For coordination, there needs to be a single instance that is the sole point of synchronization. Currently, the only way is to leave the edge and use a third party backend such as Fauna. But what if we could do all of this still on the edge? Enter "Durable Objects"! Ugh oh... Sounds like random words pulled out from a hat! For the rest of this proposal I'll use the name "Coordinator". It could have been anything that acts as a central hub, like "Distributor", "Manager", etc.

A Coordinator is a FaaS just like a Worker. The difference is that a Coordinator creates only a single instance where a Worker creates multiple, and this single Coordinator instance is only accessible by other Worker / Coordinator instances from the same account not by the open Internet. Notice that a Coordinator and a Worker differ only in how they are deployed. A Coordinator creates a single non-publicly accessible instance where a Worker creates multiple publicly accessible instances. A Coordinator is just a Worker that’s deployed differently! (A Coordinator isn’t a “Stateful Worker” since a Worker can hold state as well (pending #110) [^statefulworker].)

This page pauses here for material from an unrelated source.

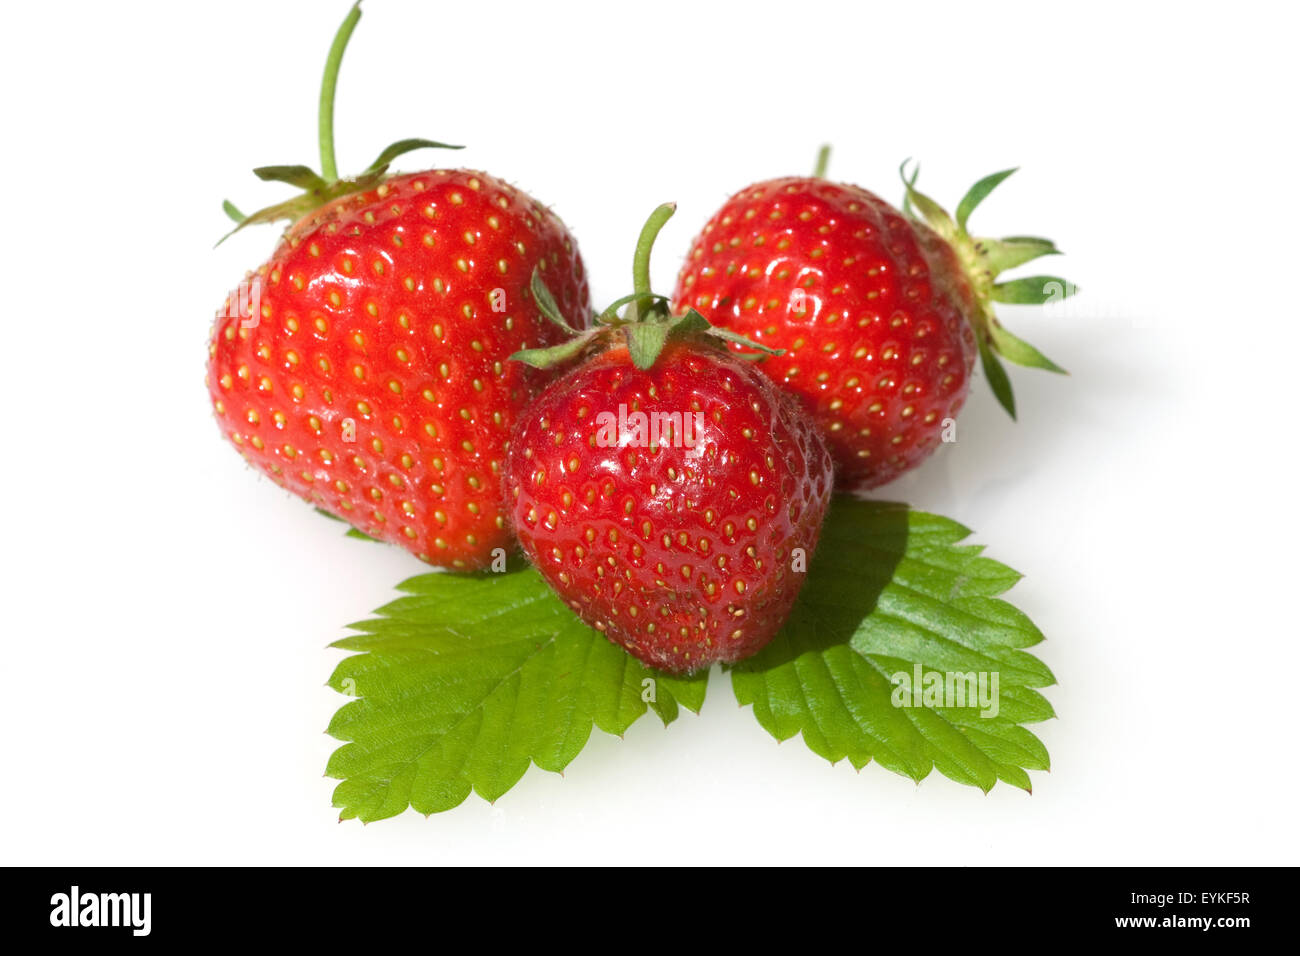 Erdbeere, Fragaria x ananassa, Beerenobst, Stock Photo

Think of the edge like a world-wide call center. Many employees sit around the world, where each employee answers the phone calls from the closest users. A person can only talk to one other person at a time, although having multiple calls on hold. Each employee has their own unique order of calls. There is a single manager for the whole call center. Only the employees can call the manager, the users can not call it directly. Now the employees decide to call the manager after each call from a user, so the manager receives all the calls. The manager can now reply its order of the calls to each employee, resulting in the employees all agreeing on this one same order of calls. Employees and managers are exactly the same, they are people, they are in an office, they talk on the phone, they speak the same language, etc. The only difference is how many there are, and to whom they can talk to. (employees = multiple Worker instances, manager = single Coordinator instance, people = FaaS).

Coordinators allow to use a FaaS for coordination and strongly consistent storage for which up until now a separate server or service was needed. Coordinators are the missing piece in a serverless platform [^missingpiece]. I hope Deno Deploy can provide them as part of a modern browser-compatible serverless platform.

How?

A Coordinator is a Worker that’s deployed differently (single location, not publicly accessible). Therefore, the runtime can be identical and no new runtime APIs are necessary. Same storage API #110. Everything's the same! A Coordinator can be written just like a Worker, the only difference being how the project is deployed in the CLI / UI.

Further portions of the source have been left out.